The merged communes needs to be transformed into a geometry object to be used in the `dc.load()` function.

In [6]:
geom = Geometry(geom=niger_communes.iloc[0].geometry, crs=niger_communes.crs)

## Defining feature layers

To create the desired feature layers, we pass instructions to `collect_training_data` through the `feature_func` parameter.

*   `feature_func`: A function for generating feature layers that is applied to the data within the bounds of the input geometry.
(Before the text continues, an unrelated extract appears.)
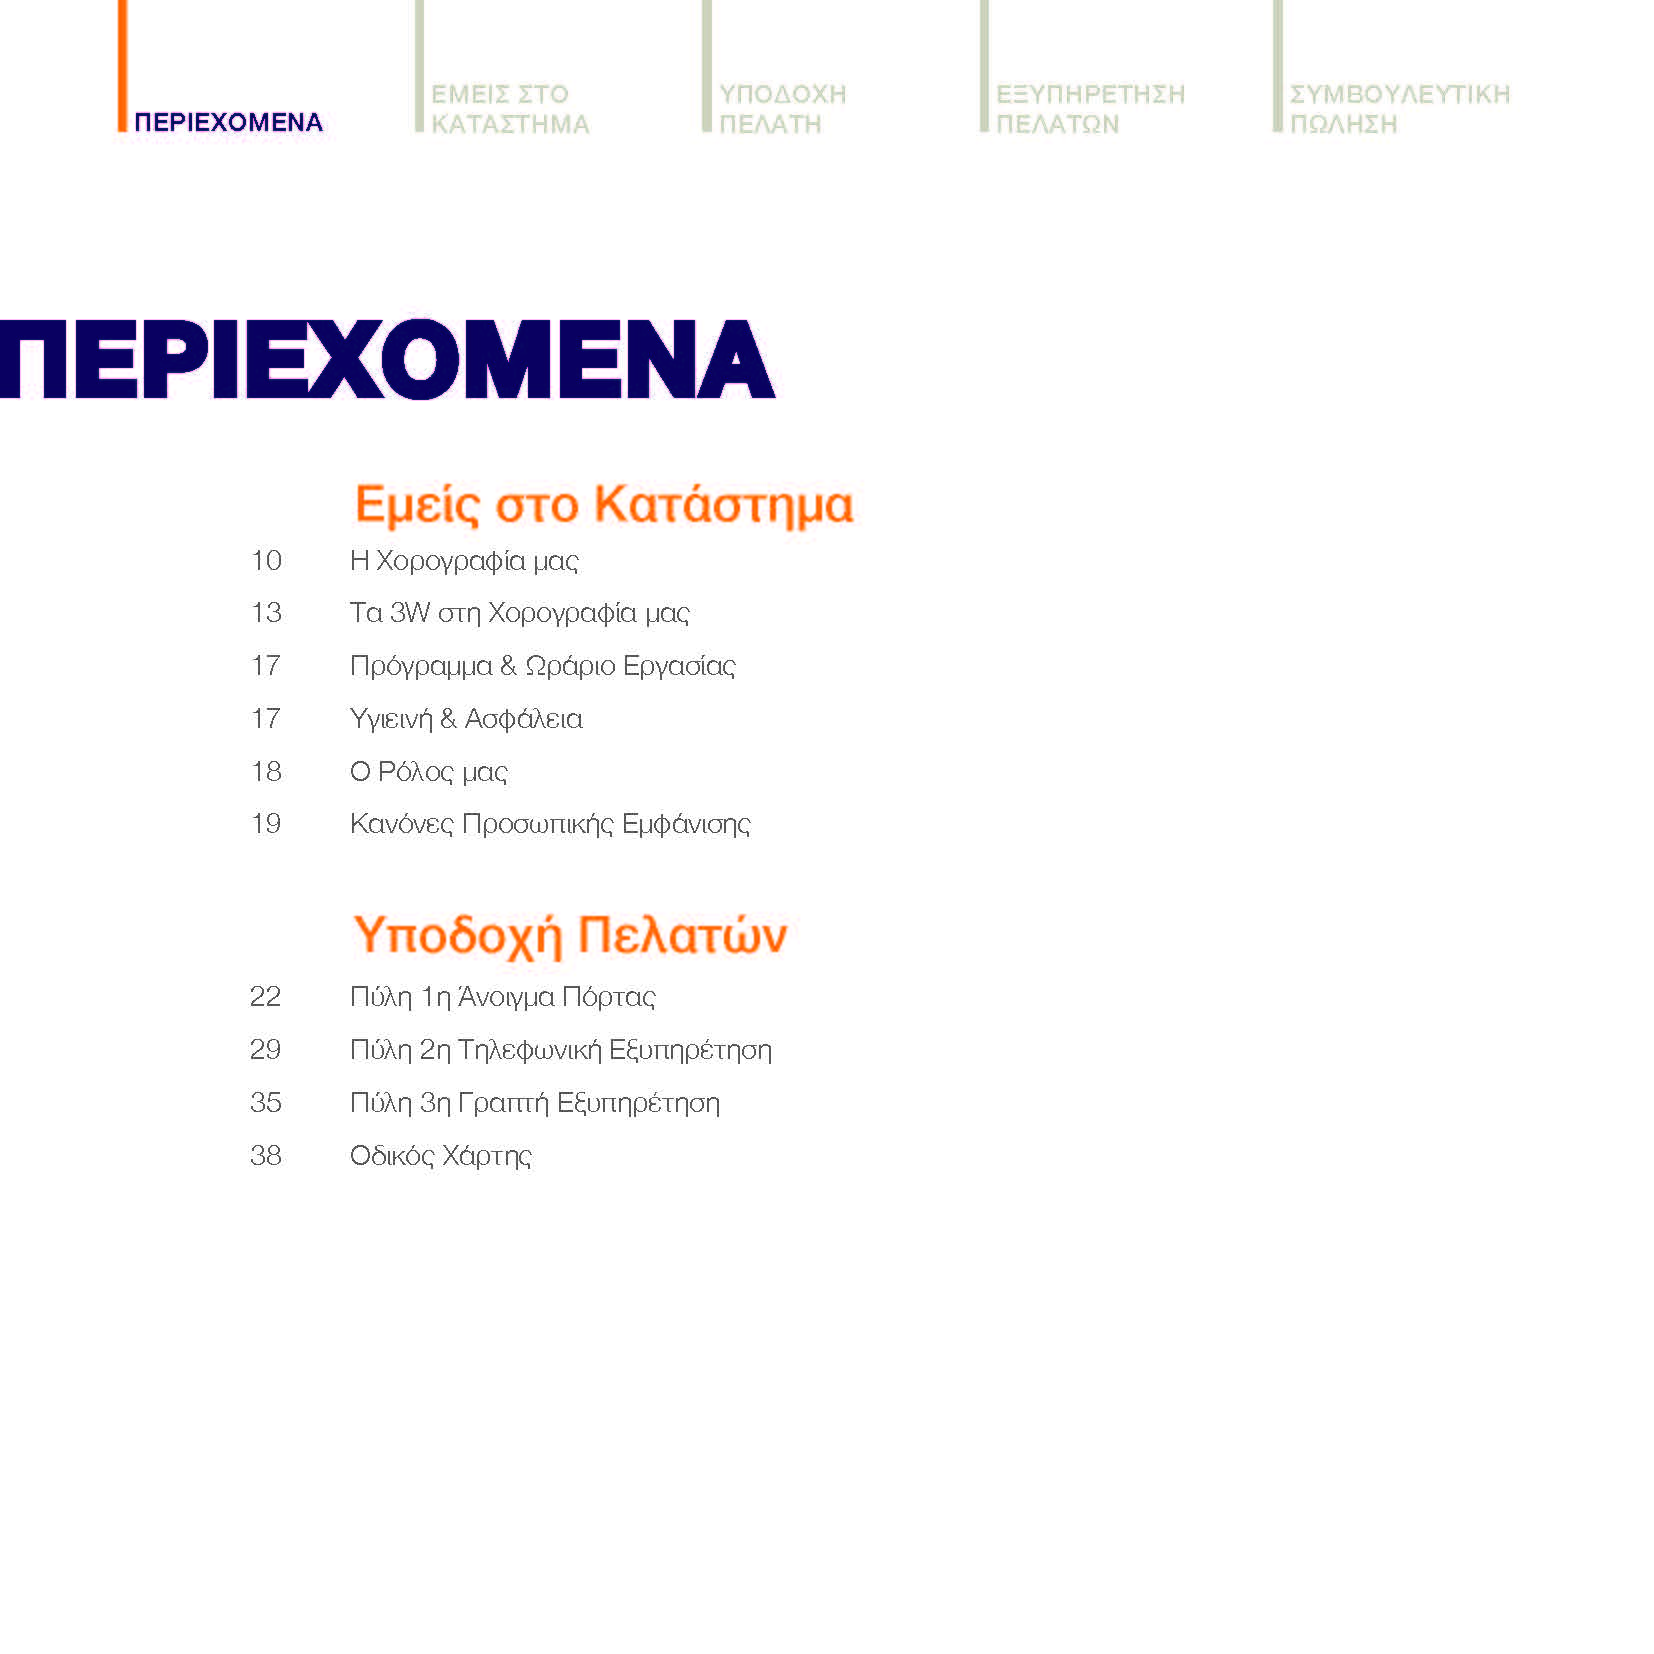 https://www.jib.gr/wp-content/uploads/2020/09/OPTIMA-BANK-BOOKLET-WEB_Page_008.jpg
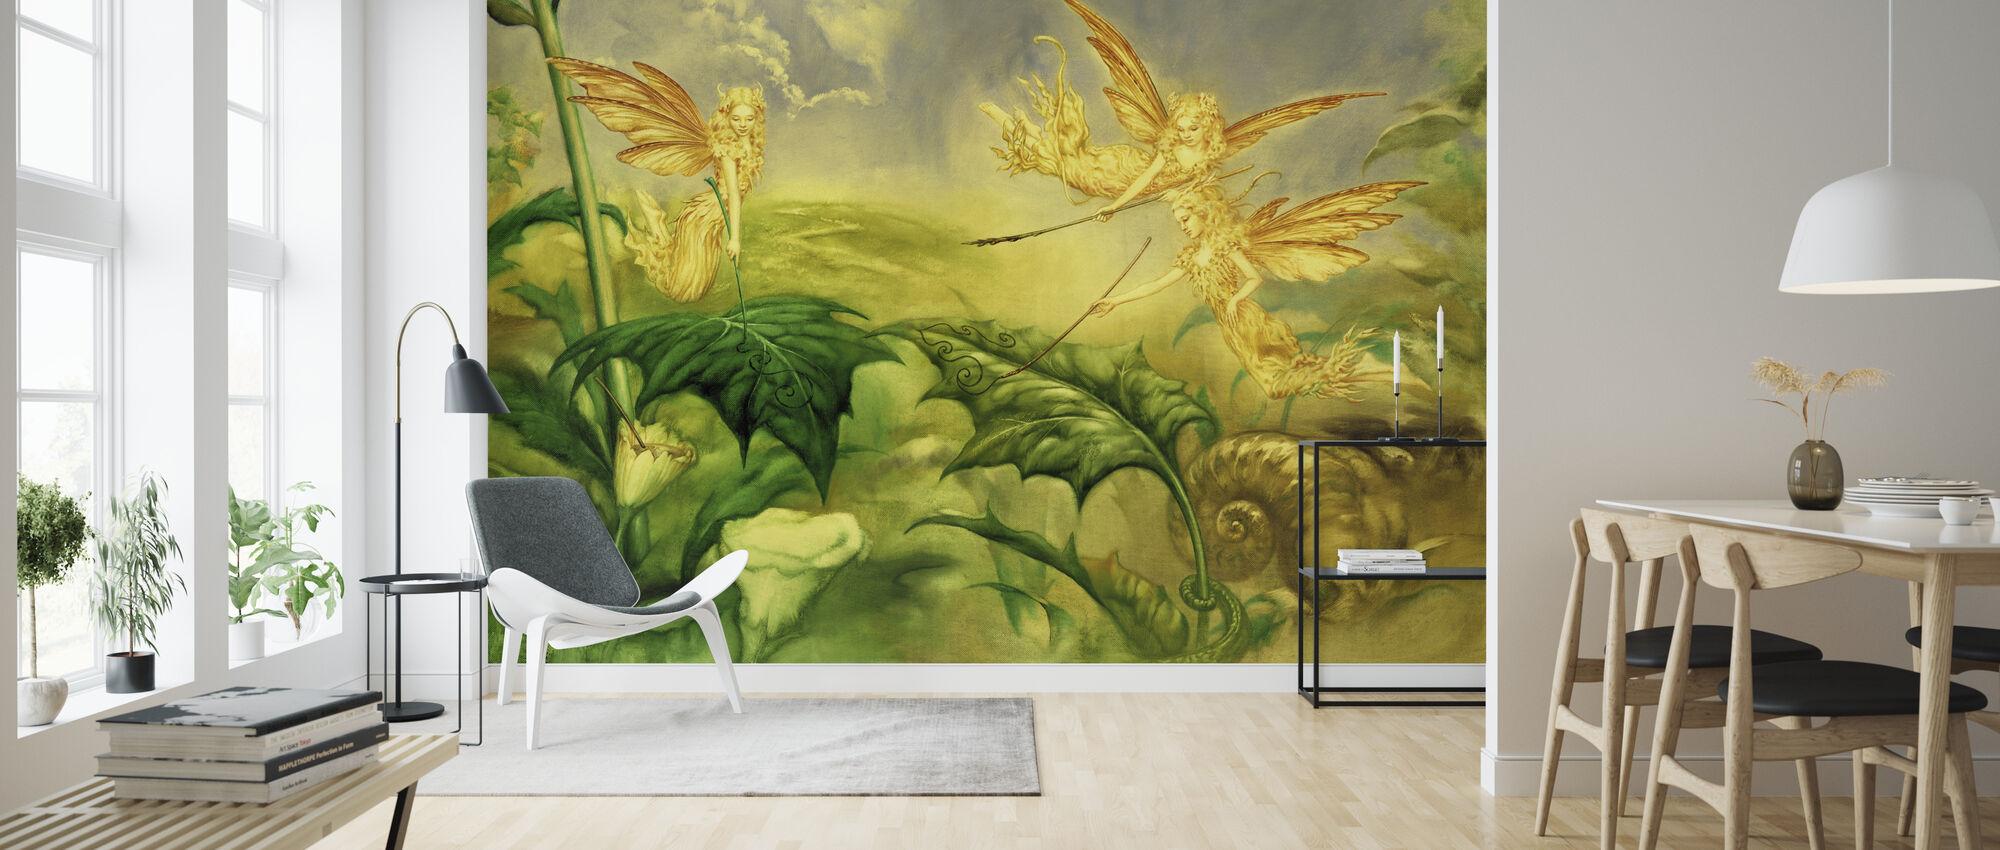 Fairies - Wallpaper - Living Room

The feature_func must accept a dc_query dictionary, and return a single xarray.Dataset or xarray.DataArray containing 2D coordinates (i.e x, y - no time dimension). e.g.

        def feature_function(query):
            dc = datacube.Datacube(app='feature_layers')
            ds = dc.load(**query)
            ds = ds.mean('time')
            return ds

Below, we will define a more complicated feature layer function than the brief example shown above. 

In [8]:
# Generate a datacube query object from the analysis parameters above.

query = {
    "geopolygon": geom,
    "time": time,
    "resolution": resolution,
    "output_crs": output_crs,
    "dask_chunks": dask_chunks,
}

In [9]:
# Define functions to load features.


def feature_layers(query):

    # Connnect to datacube.
    dc = datacube.Datacube(app="unsupervised_class_identification")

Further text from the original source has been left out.